Вернее, он весь представлял собой гримасу.
Громадная голова, поросшая рыжей щетиной; огромный горб между лопаток, и другой, уравновешивающий его, – на груди; бедра настолько вывихнутые, что ноги его могли сходиться только в коленях, странным образом напоминая спереди два серпа с соединенными рукоятками; широкие ступни, чудовищные руки. И, несмотря на это уродство, во всей его фигуре было какое-то грозное выражение силы, проворства и отваги, – необычайное исключение из того общего правила, которое требует, чтобы сила, подобно красоте, проистекала из гармонии.
Таков был избранный шутами папа.
Казалось, это был разбитый и неудачно спаянный великан.
Когда это подобие циклопа появилось на пороге часовни, неподвижное, коренастое, почти одинаковых размеров в ширину и в высоту, «квадратное в самом основании», как говорил один великий человек, то по надетому на нем наполовину красному, наполовину фиолетовому камзолу, усеянному серебряными колокольчиками, а главным образом по его несравненному уродству простонародье тотчас же признало его.
– Это Квазимодо, горбун! – закричали все в один голос. – Это Квазимодо, звонарь Собора Парижской Богоматери!
Квазимодо кривоногий. Квазимодо одноглазый!
Слава!
Слава!
Видимо, у бедного малого не было недостатка в прозвищах.
– Берегитесь, беременные женщины! – орали школяры.
– И те, которые желают забеременеть! – прибавил Жоаннес.
Женщины и в самом деле закрывали лица руками.
– У! Противная обезьяна! – говорила одна.
– Злая и уродливая! – прибавляла другая.
– Дьявол во плоти! – вставляла третья.
– К несчастью, я живу возле собора и слышу, как всю ночь он бродит по крыше.
– Вместе с кошками.
– И насылает на нас порчу через дымоходы.
– Как-то вечером он просунул свою рожу ко мне в окно.
Я приняла его за мужчину и ужасно испугалась.
– Я уверена, что он летает на шабаш.
Однажды он забыл свою метлу в водосточном желобе на моей крыше.
– Мерзкая харя!
– Подлая душа!
– Фу!
А мужчины – те восхищались и рукоплескали горбуну.
Квазимодо, виновник всей этой шумихи, мрачный, серьезный, стоял на пороге часовни, позволяя любоваться собой.
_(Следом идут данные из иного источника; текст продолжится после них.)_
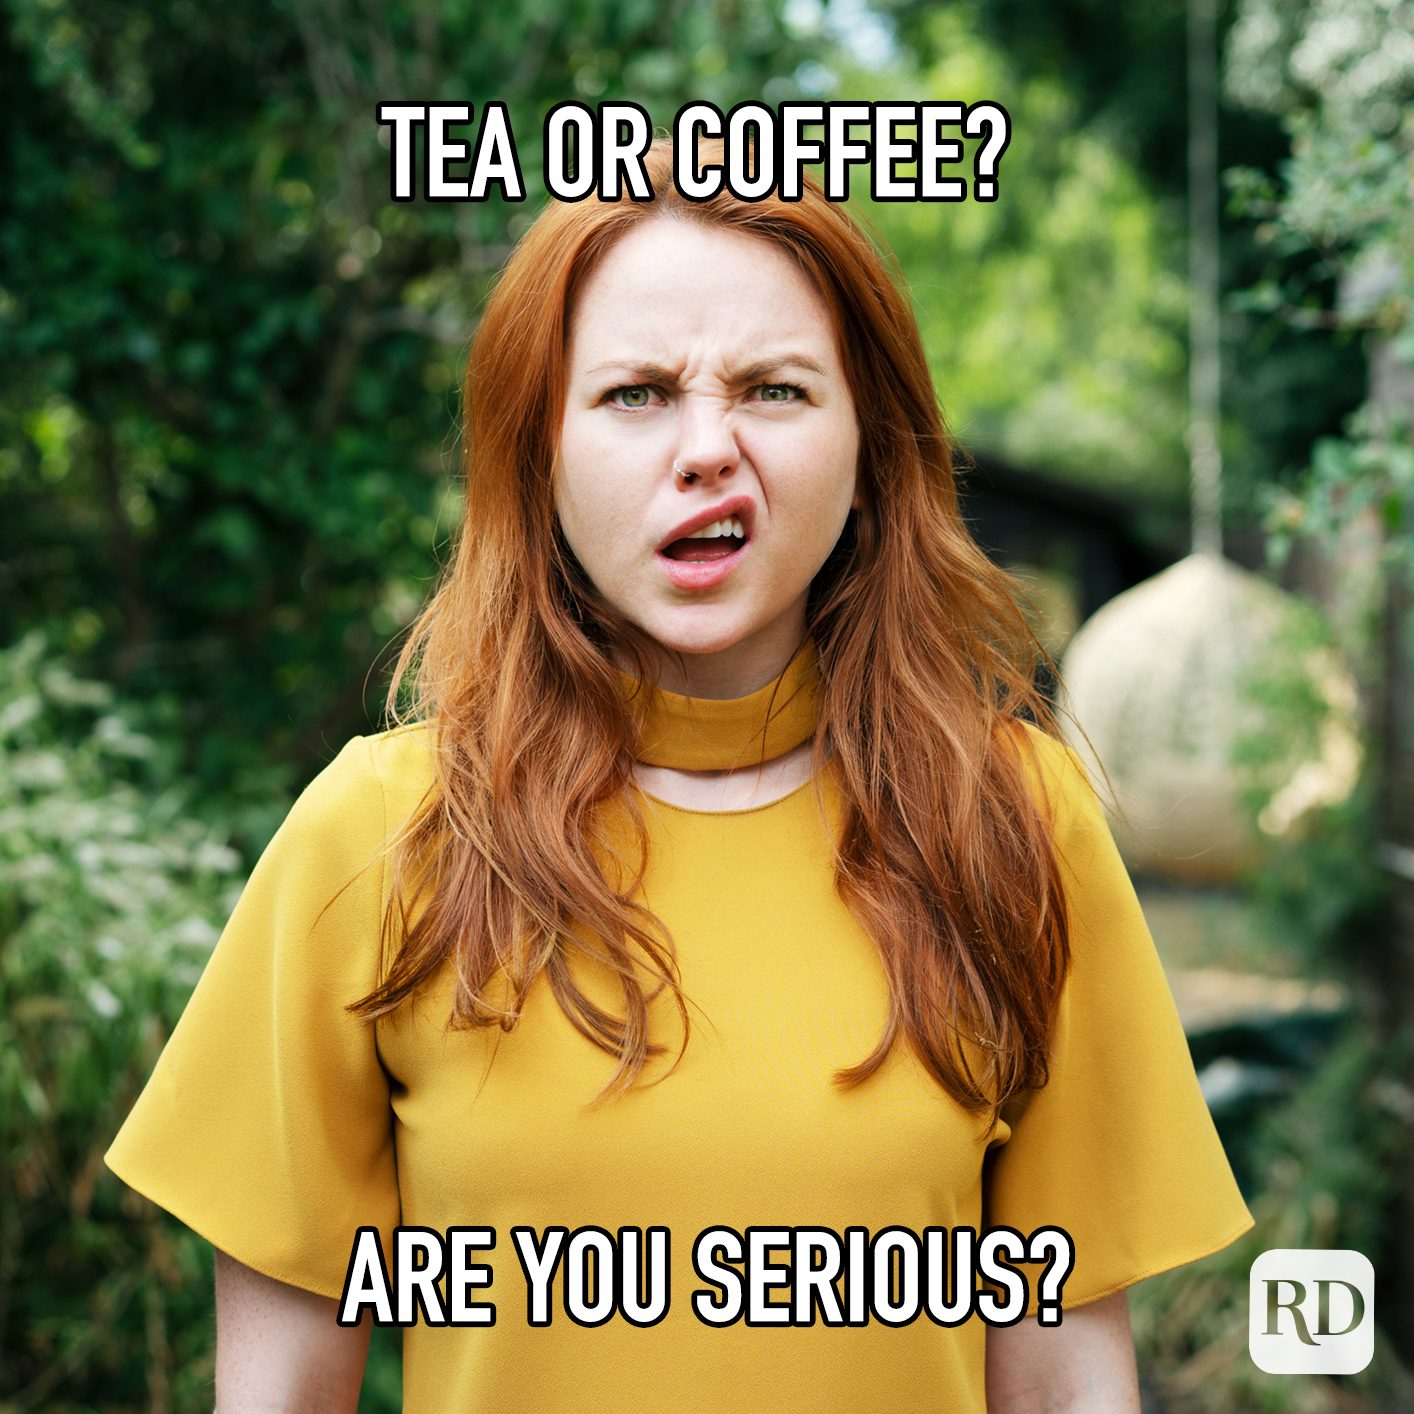 Tea Or Coffee? Are You Serious? meme text over image of woman looking confused

Один школяр, кажется Робен Пуспен, подошел поближе и расхохотался ему прямо в лицо.
Квазимодо ограничился тем, что взял его за пояс и отбросил шагов на десять в толпу. И все это он проделал молча.
Восхищенный мэтр Копеноль подошел к нему и сказал:
– Крест истинный, никогда в жизни я не встречал такого великолепного уродства, святой отец!
Ты достоин быть папой не только в Париже, но и в Риме.
Он весело хлопнул его по плечу.
Квазимодо не шелохнулся.
– С таким парнем я охотно кутнул бы, даже если это обошлось мне в дюжину новеньких турских ливров!
Что ты на это скажешь? – продолжал Копеноль.
Квазимодо молчал.
– Крест истинный! – воскликнул чулочник. – Да ты глухой, что ли?
Да, Квазимодо был глухой.
Копеноль начал раздражать Квазимодо: он вдруг повернулся к нему и так страшно заскрипел зубами, что богатырь-фламандец попятился, как бульдог от кошки.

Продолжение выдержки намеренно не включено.